Płońsk. Małego Milanka w Wielkanoc przygniótł nagrobek. Prokuratura wznawia postępowanie. Będzie przełom?
Tragiczna śmierć 1,5-rocznego Milanka wstrząsnęła całym województwem. Była Wielkanoc 2022 r., czas, w którym malec i jego najbliżsi powinni świętować i cieszyć się życiem. Stało się jednak inaczej. Podczas wizyty na cmentarzu ciężka kamienna płyta nagrobna nagle runęła prosto na dzieciaczka. Mimo prób reanimacji nie udało się mu pomoc. Chłopiec zmarł.

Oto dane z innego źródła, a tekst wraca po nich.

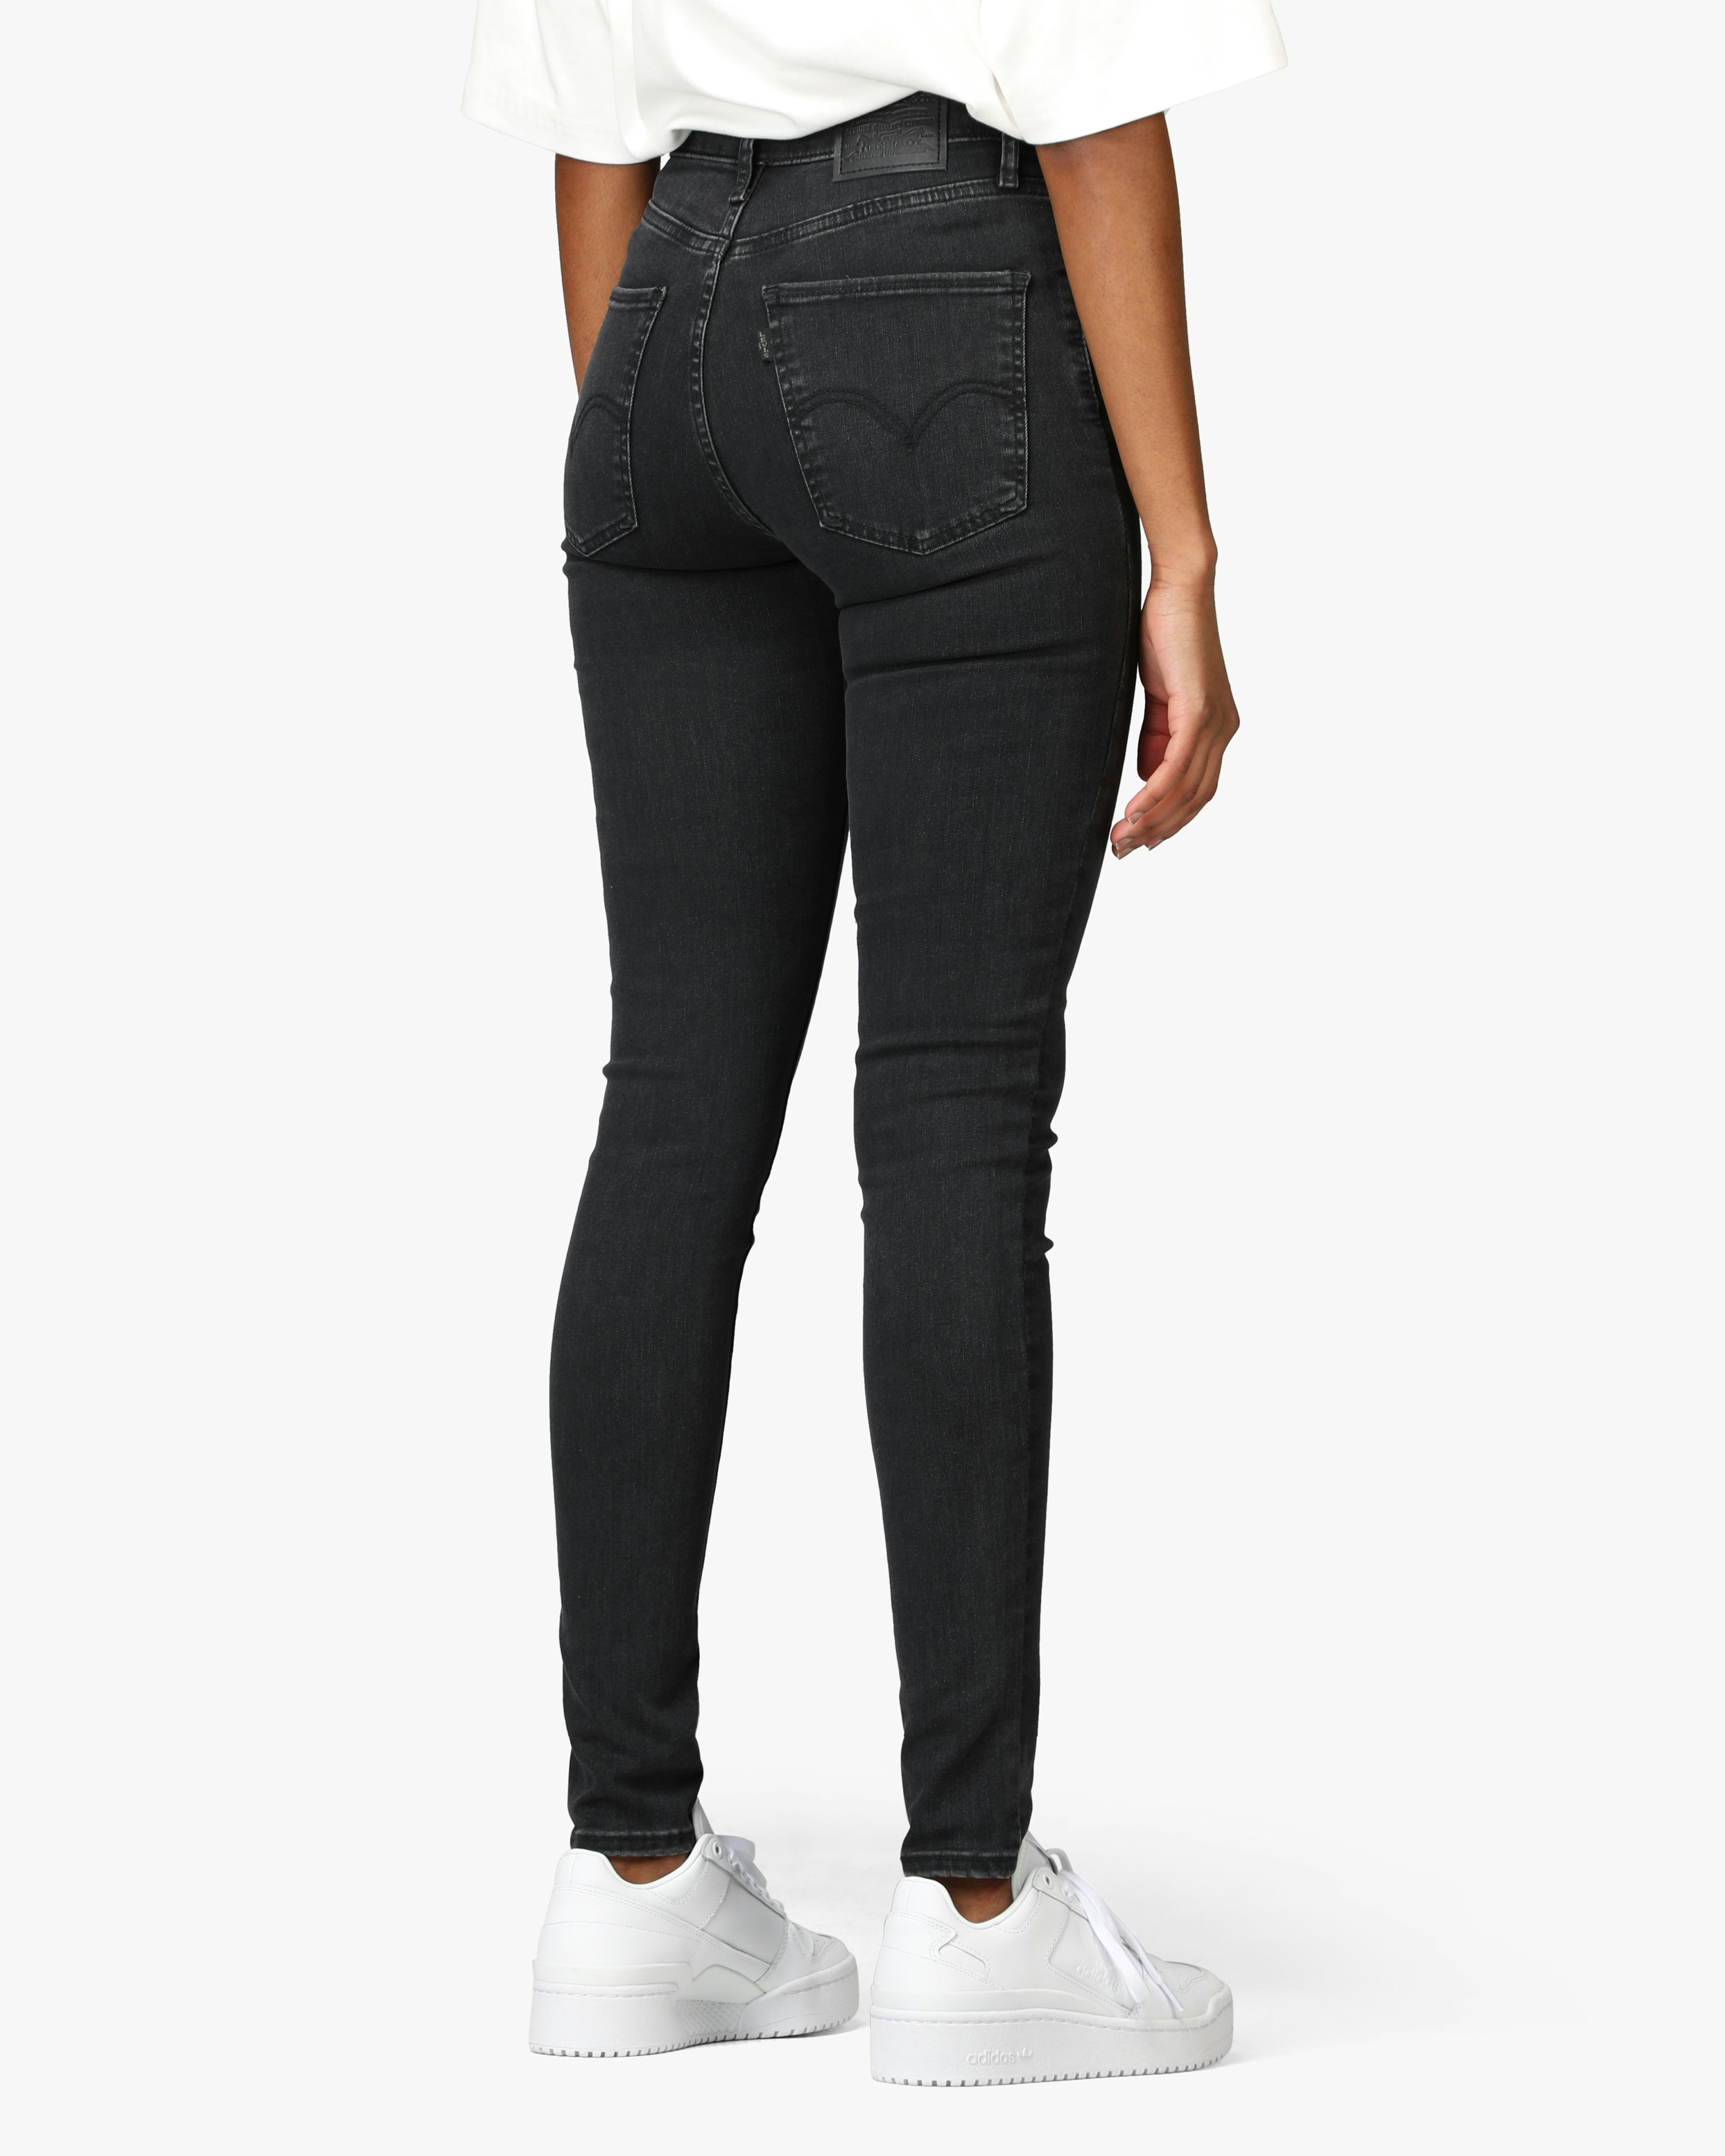 smart dash Akkumulerede Levis Mile High Super Skinny Black Jeans | Women | at Carlings.com

Po tym tragicznym wydarzeniu prokuratura zabezpieczyła ślady i wszczęła śledztwo. Sekcja zwłok potwierdziła, że bezpośrednią przyczyną zgonu było uderzenie w głowę. Biegły orzekł, że malec tuż przed tragedią oparł się o nagrobek. Po dwóch latach śledztwo zostało umorzone.
Polecany artykuł:
Śmierć 1,5-rocznego Milanka. Będzie przełom?
Teraz jednak sąd uchylił decyzję i nakazał prokuraturze ponownie przyjrzeć się sprawie. - Sąd uchylił decyzję o umorzeniu postępowania. Czynności będą prowadzone w kierunku ułożenia ciała dziecka w chwili zdarzenia – powiedziała „Super Expressowi” prokurator Ewa Ambroziak z Prokuratury Rejonowej w Płońsku. Czego dokładnie dotyczą wątpliwości? - Biegły ocenił, że dziecko dotykało pomnika w chwili wypadku. Teraz śledczy zbadają z jaką siłą chłopiec naciskał na nagrobek i czy mogło to spowodować jego przewrócenie – wyjaśniła prokurator Ambroziak. Dodała, że na razie nikt nie usłyszał zarzutów.